▶ **Data segment**:
########

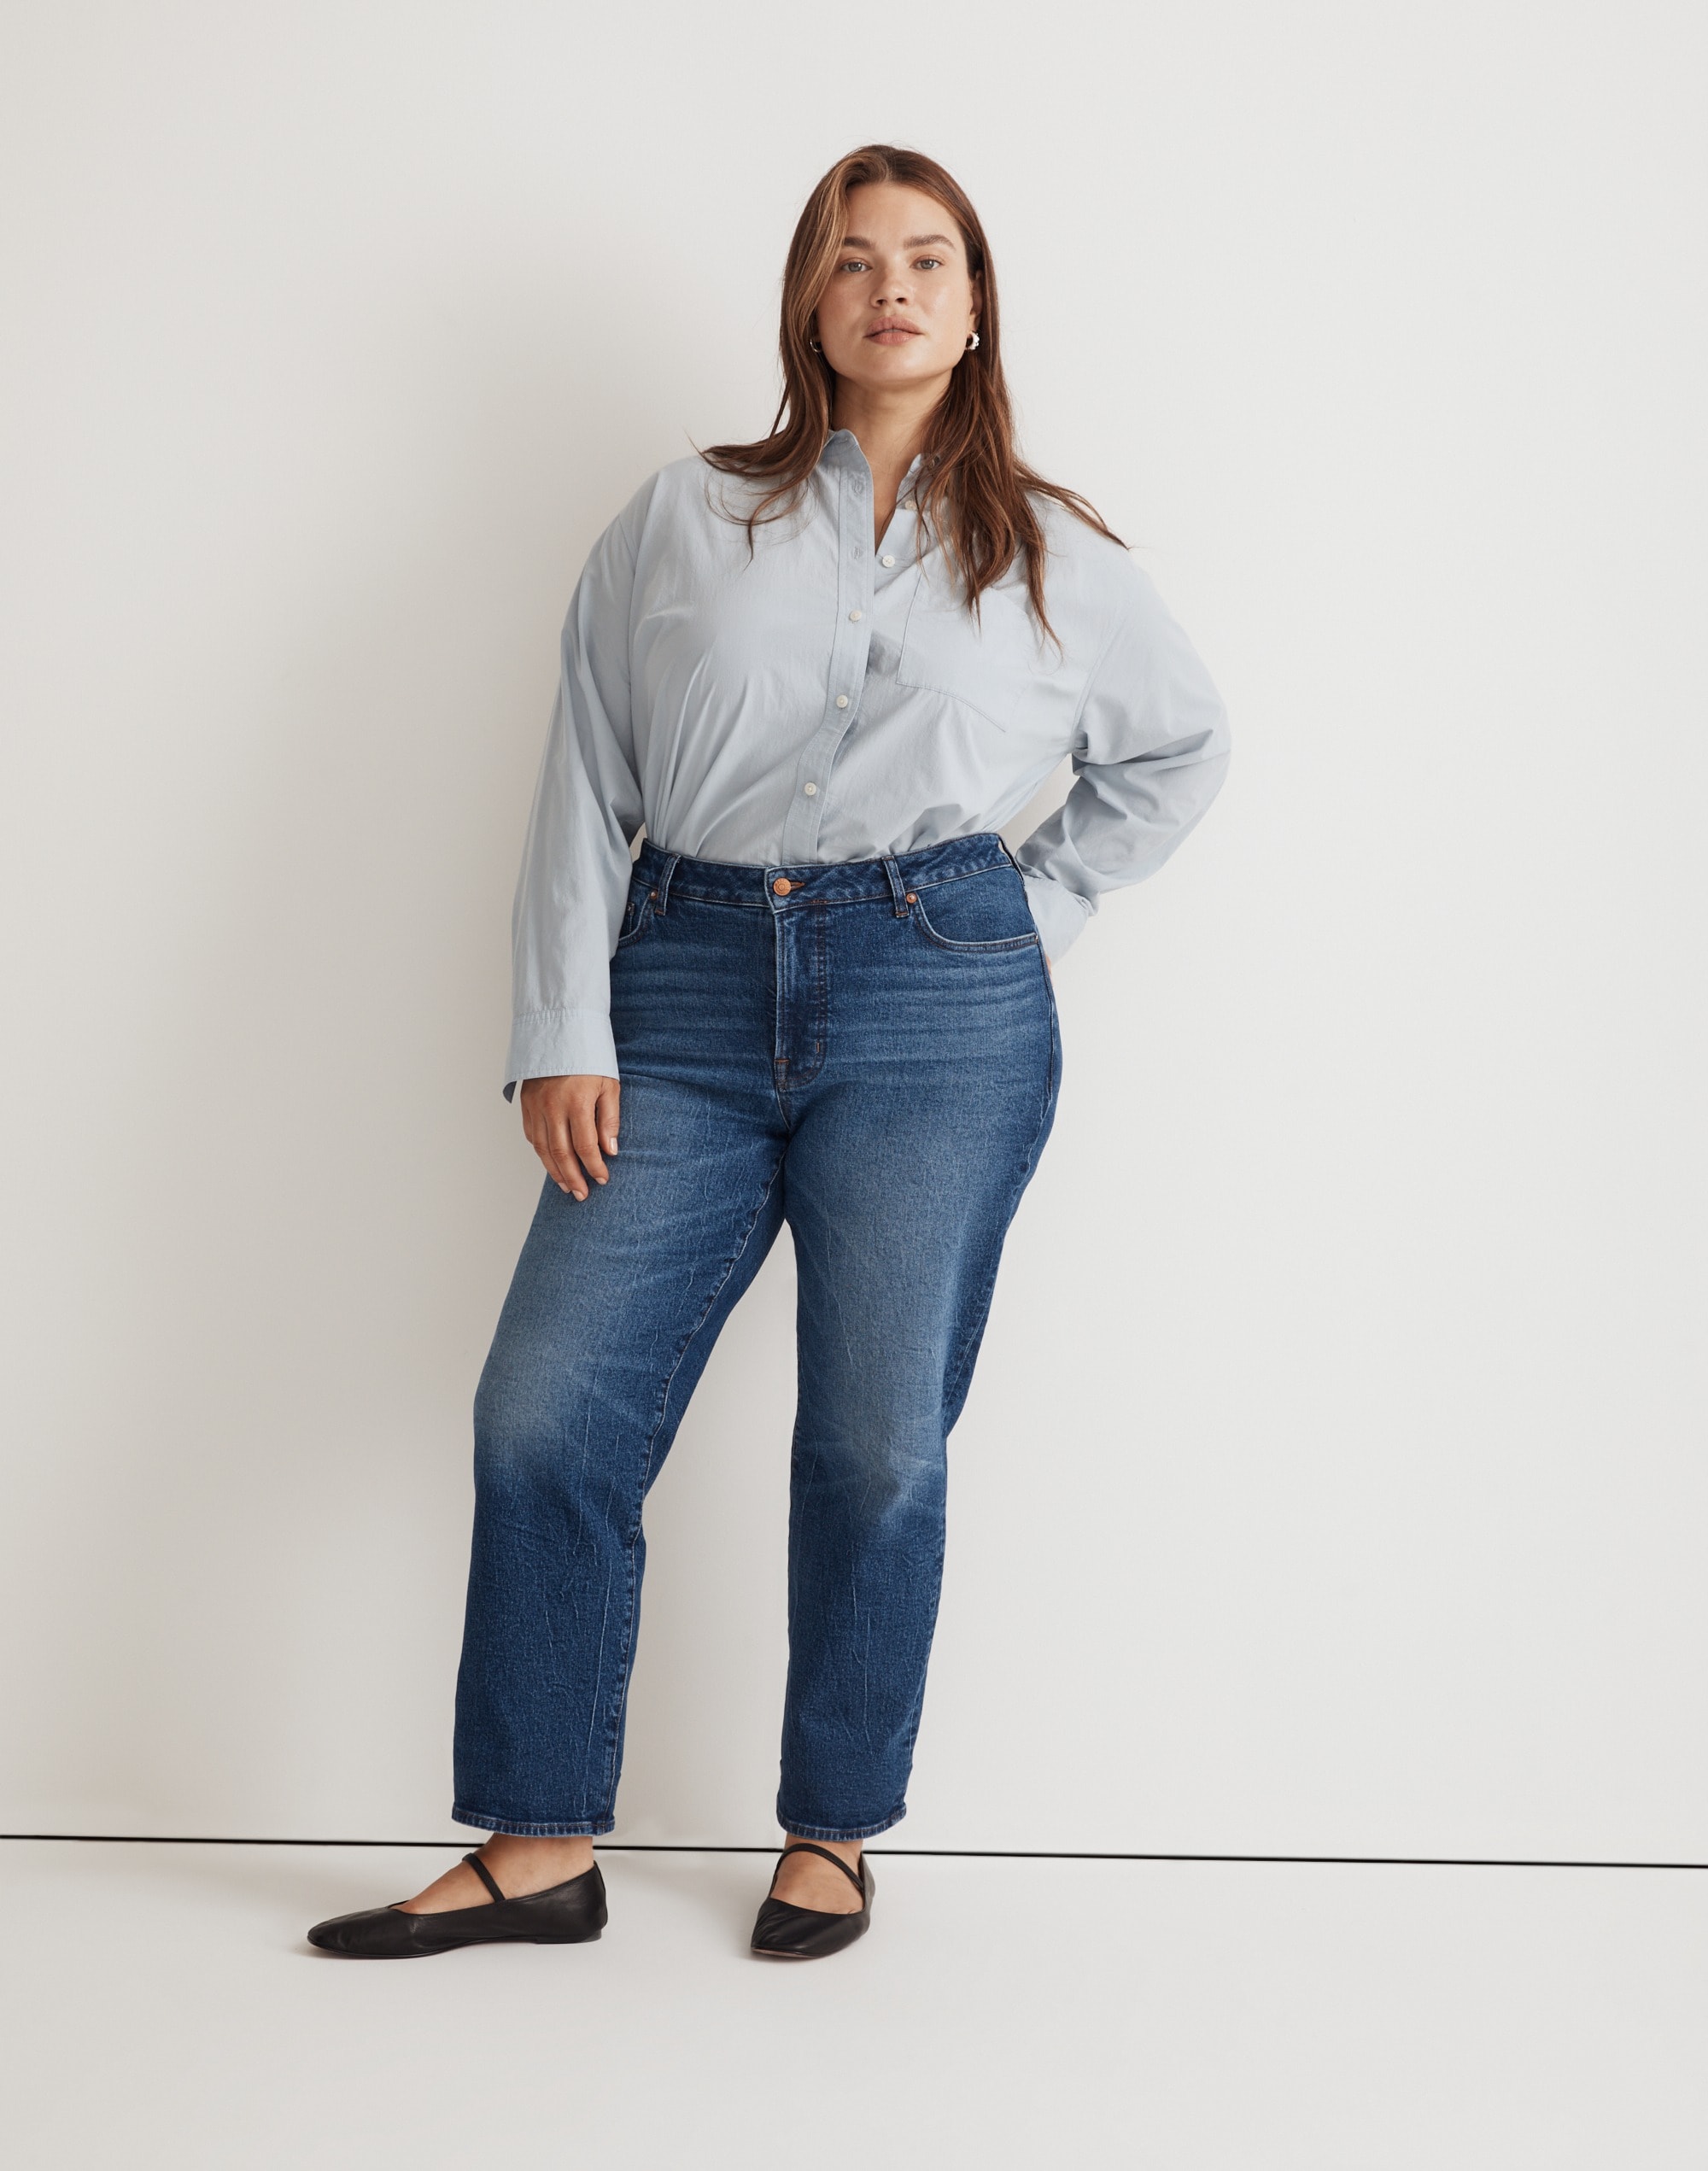 The Plus '90s Straight Jean in Barlow Wash
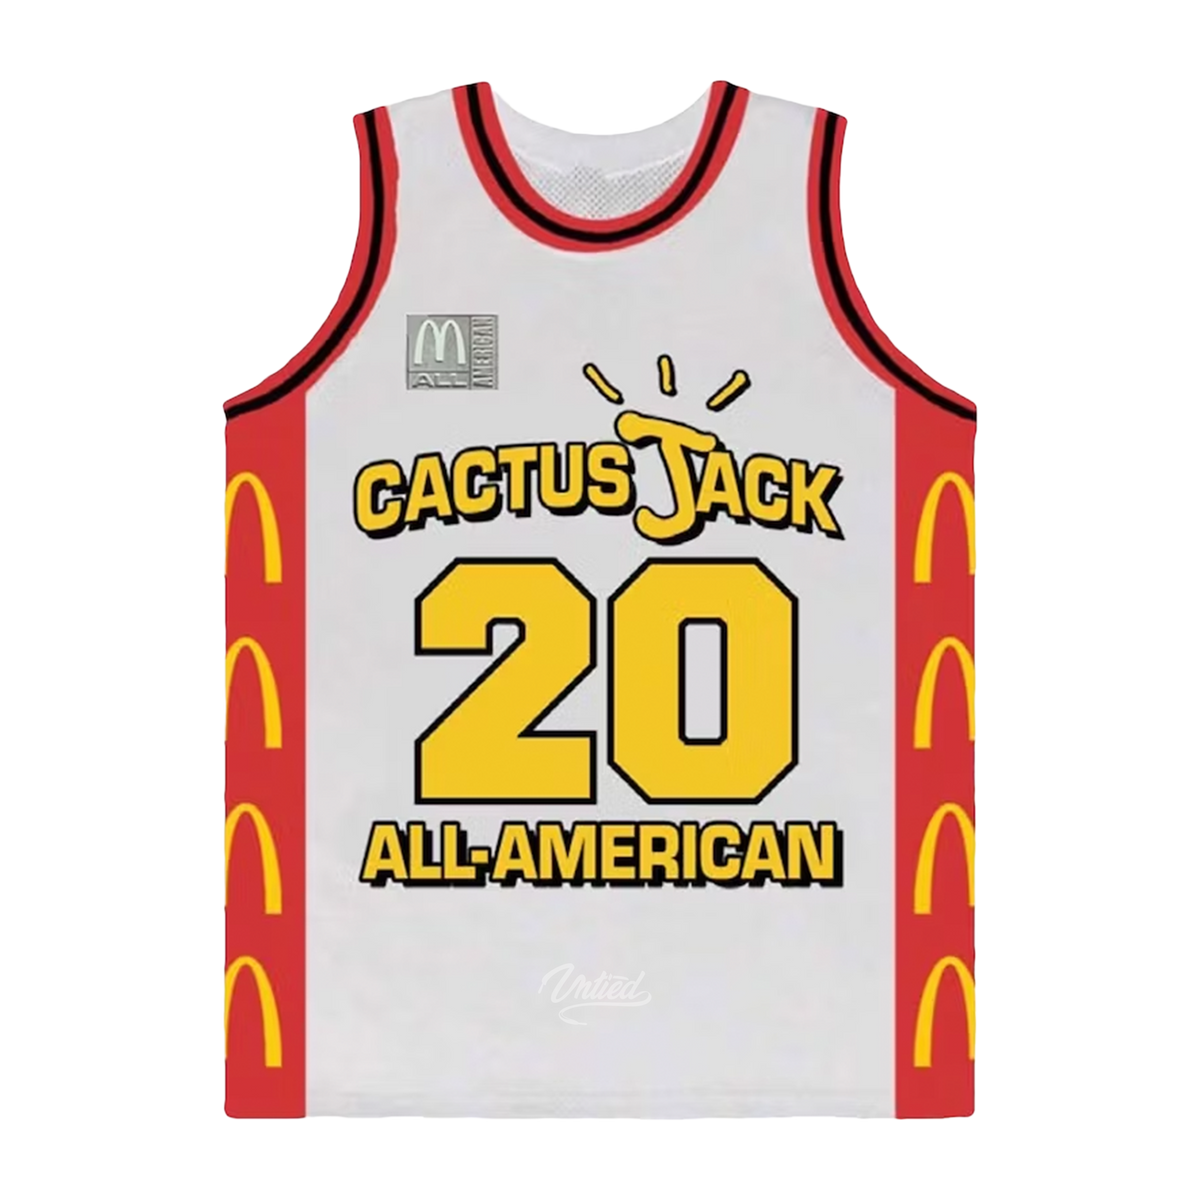 Cactus Jack Jersey "All American"
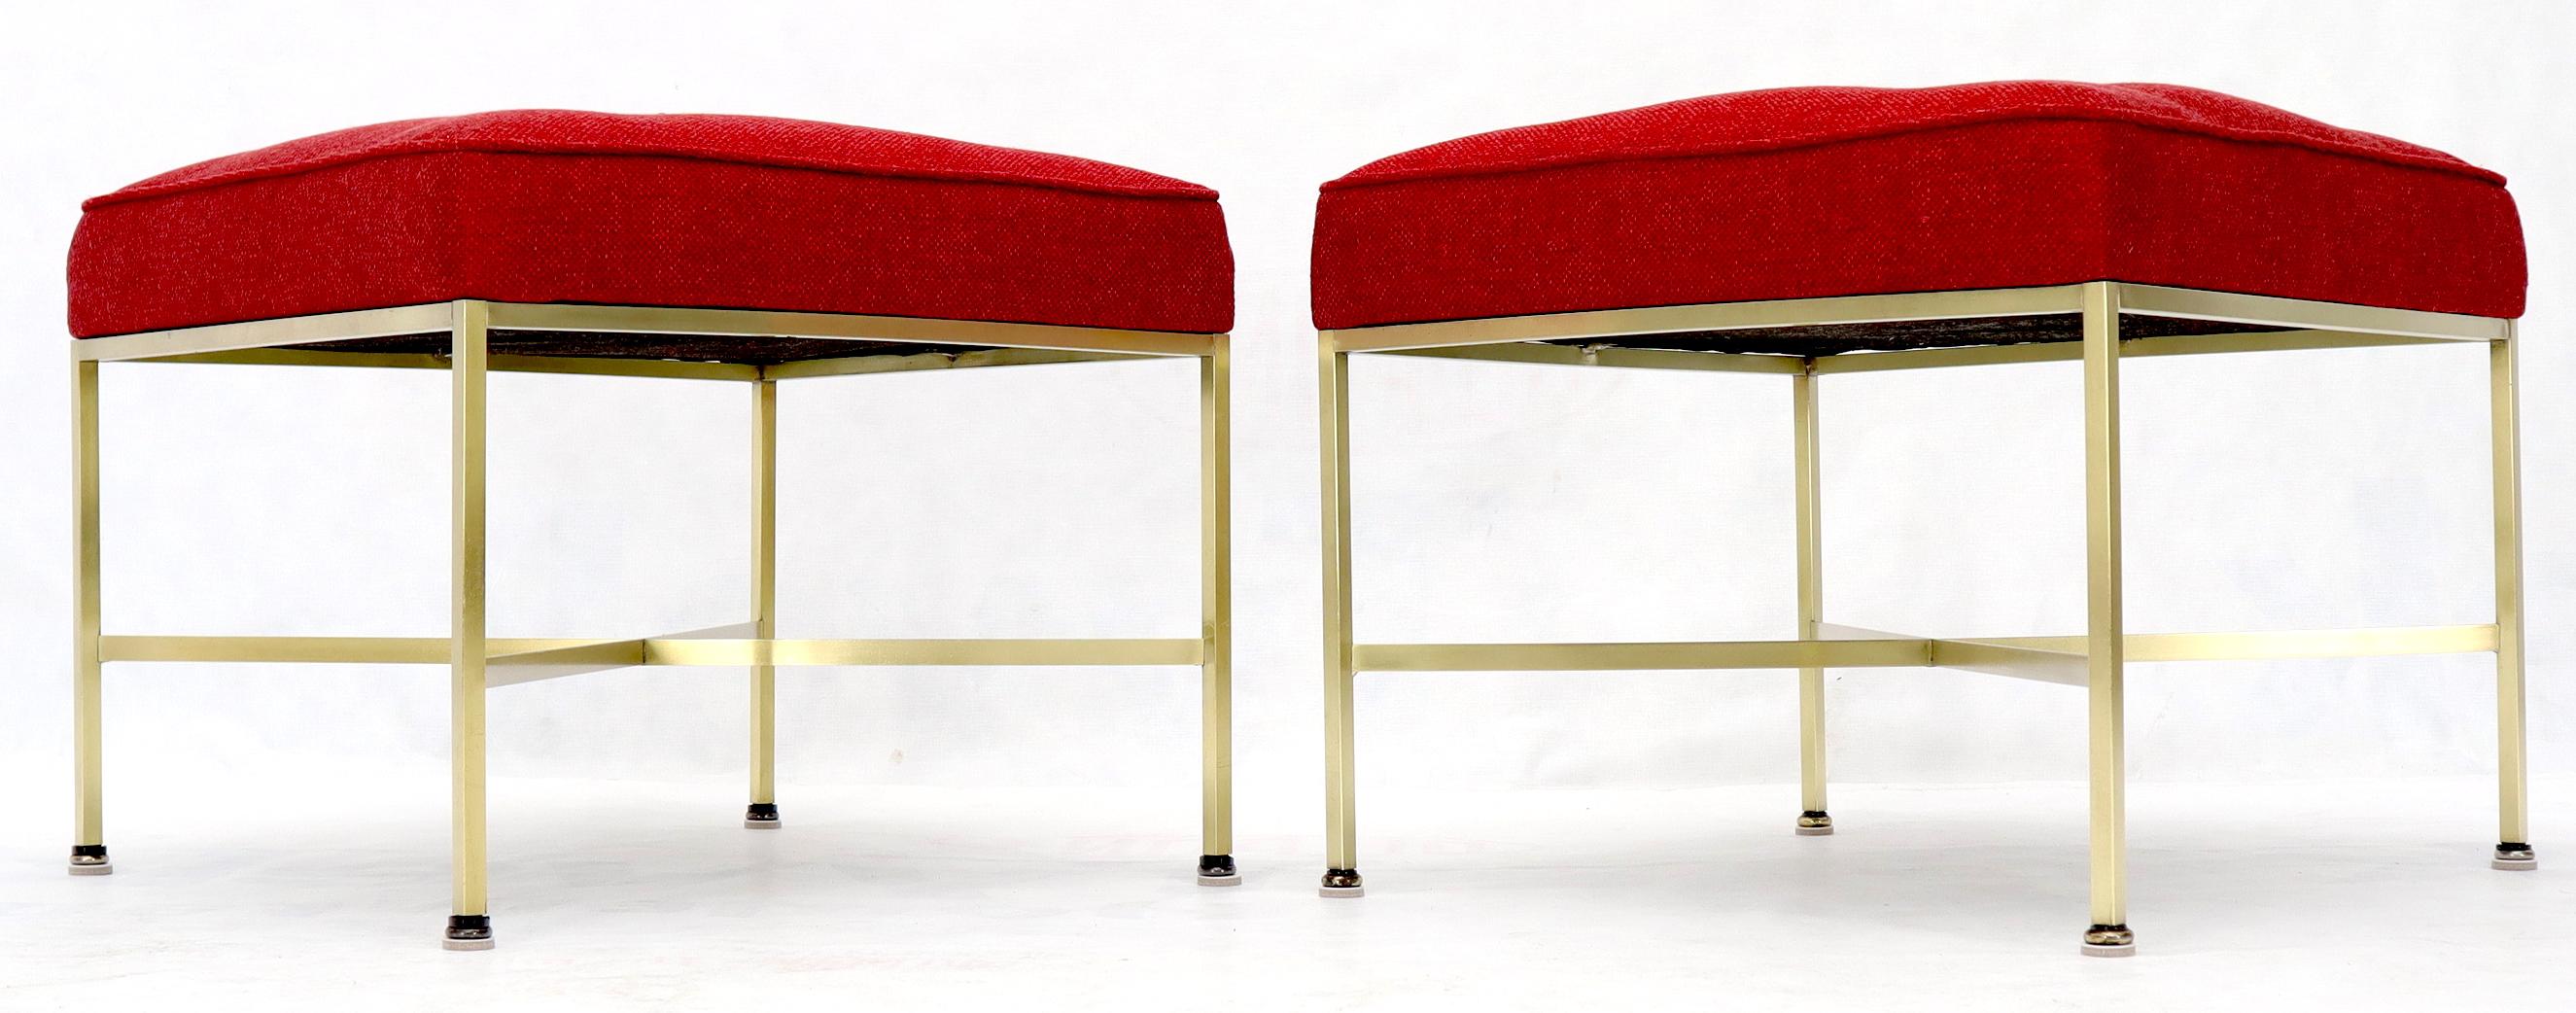 Pair of New Red Upholstery Square Brass Frames Benches Stools by Paul McCobb In Excellent Condition For Sale In Rockaway, NJ

########

▶ **What to do**:
Output an exact copy of the material, with the pictures removed.

▶ **Expected output**:
 The Plus '90s Straight Jean in Barlow Wash
 Cactus Jack Jersey "All American"
 Pair of New Red Upholstery Square Brass Frames Benches Stools by Paul McCobb In Excellent Condition For Sale In Rockaway, NJ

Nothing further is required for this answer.